# [The input]
* * *

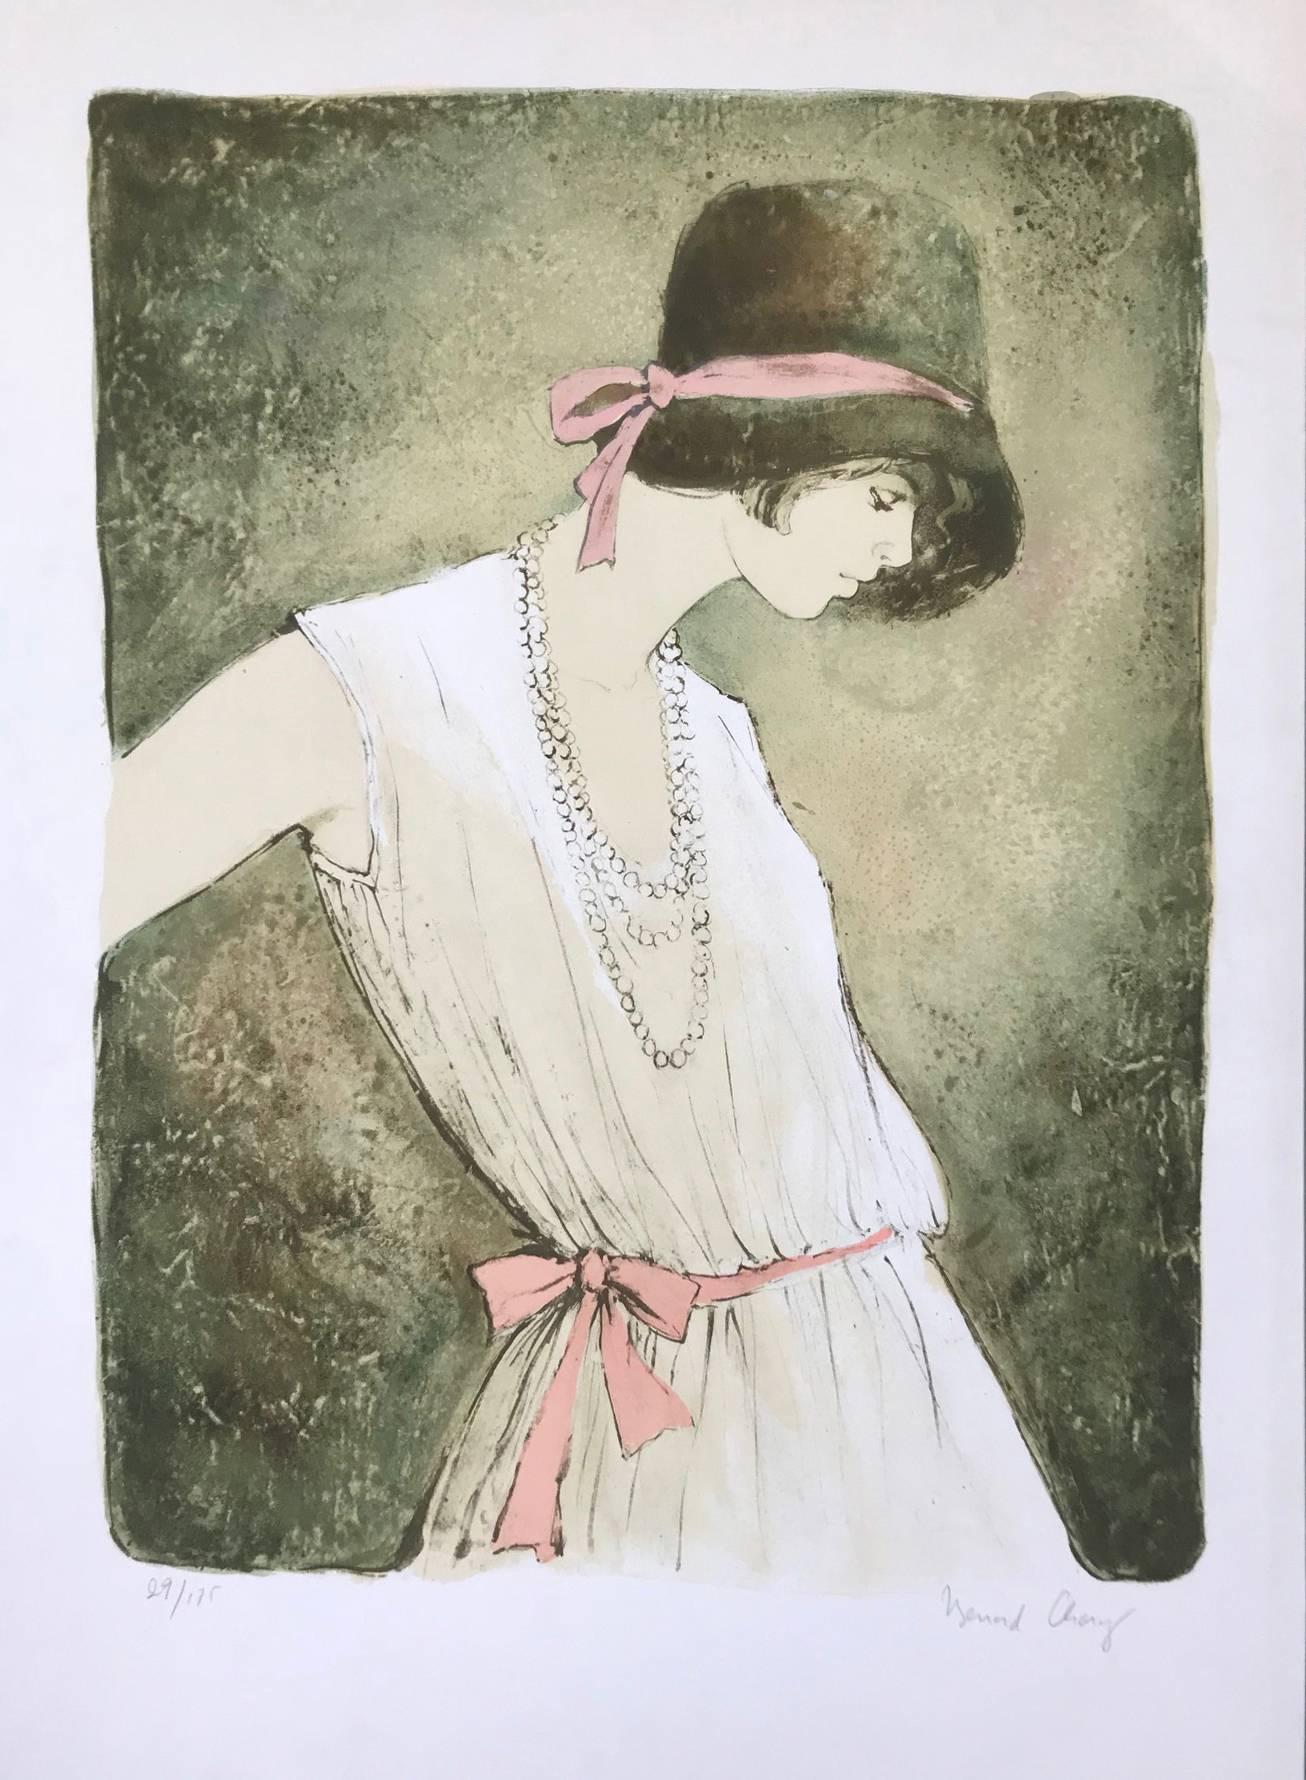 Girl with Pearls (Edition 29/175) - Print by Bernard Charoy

* * *

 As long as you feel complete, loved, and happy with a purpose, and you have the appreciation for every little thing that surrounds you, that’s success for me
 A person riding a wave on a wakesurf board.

* * *

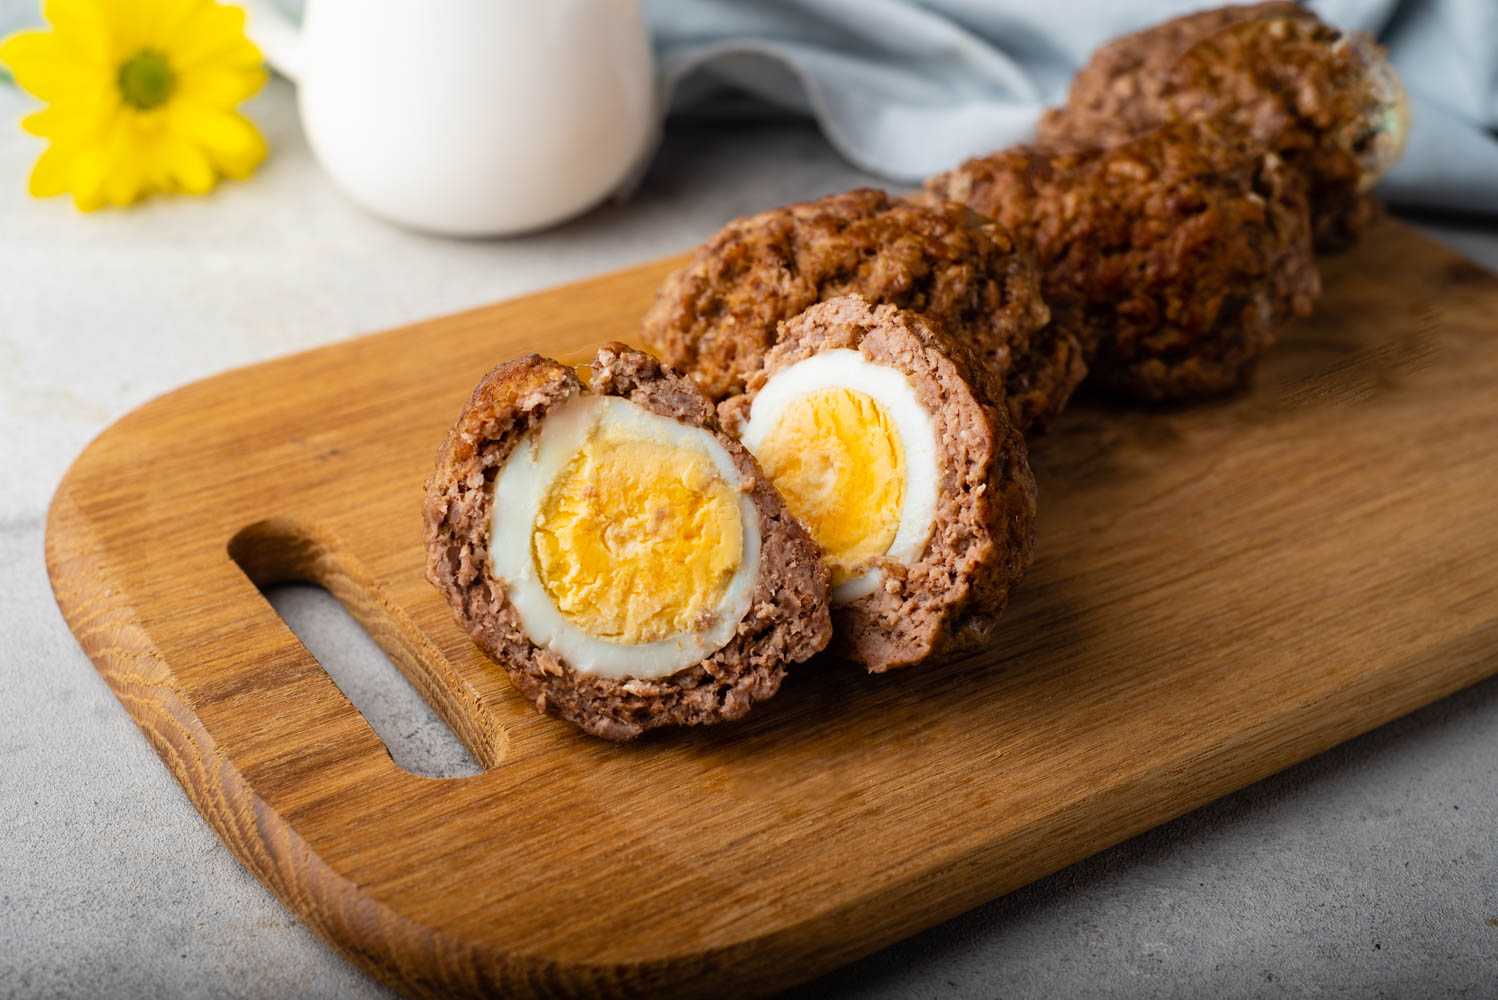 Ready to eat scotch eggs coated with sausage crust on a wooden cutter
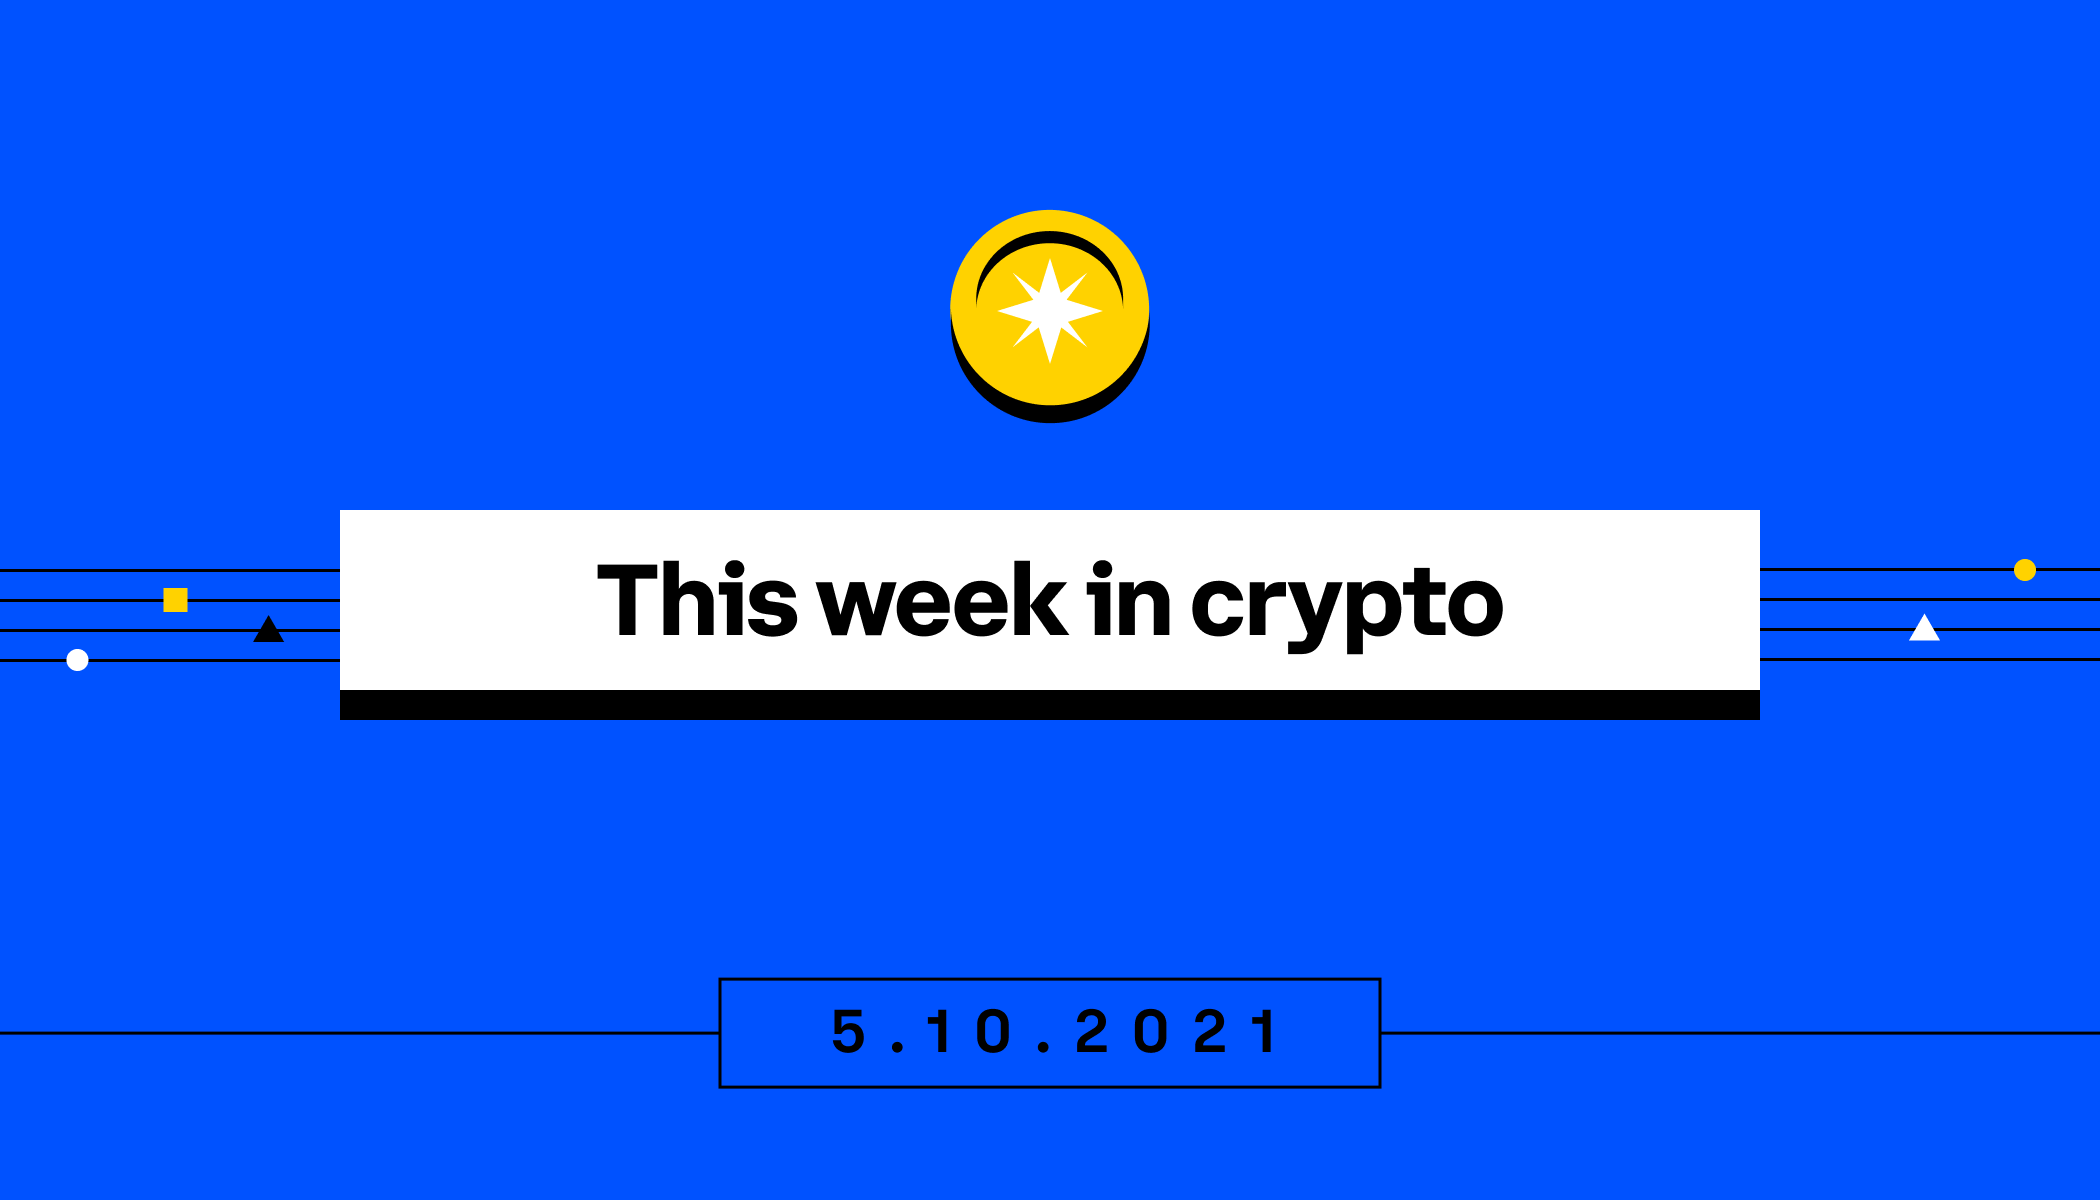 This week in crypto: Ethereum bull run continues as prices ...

* * *

# [Activity]
Begin at the line that has "As long as you" in the entries above; stop after the line that has "A person riding a wave on a wakesurf board.". Transcribe exactly those lines and no others.

# [The answer]
 As long as you feel complete, loved, and happy with a purpose, and you have the appreciation for every little thing that surrounds you, that’s success for me
 A person riding a wave on a wakesurf board.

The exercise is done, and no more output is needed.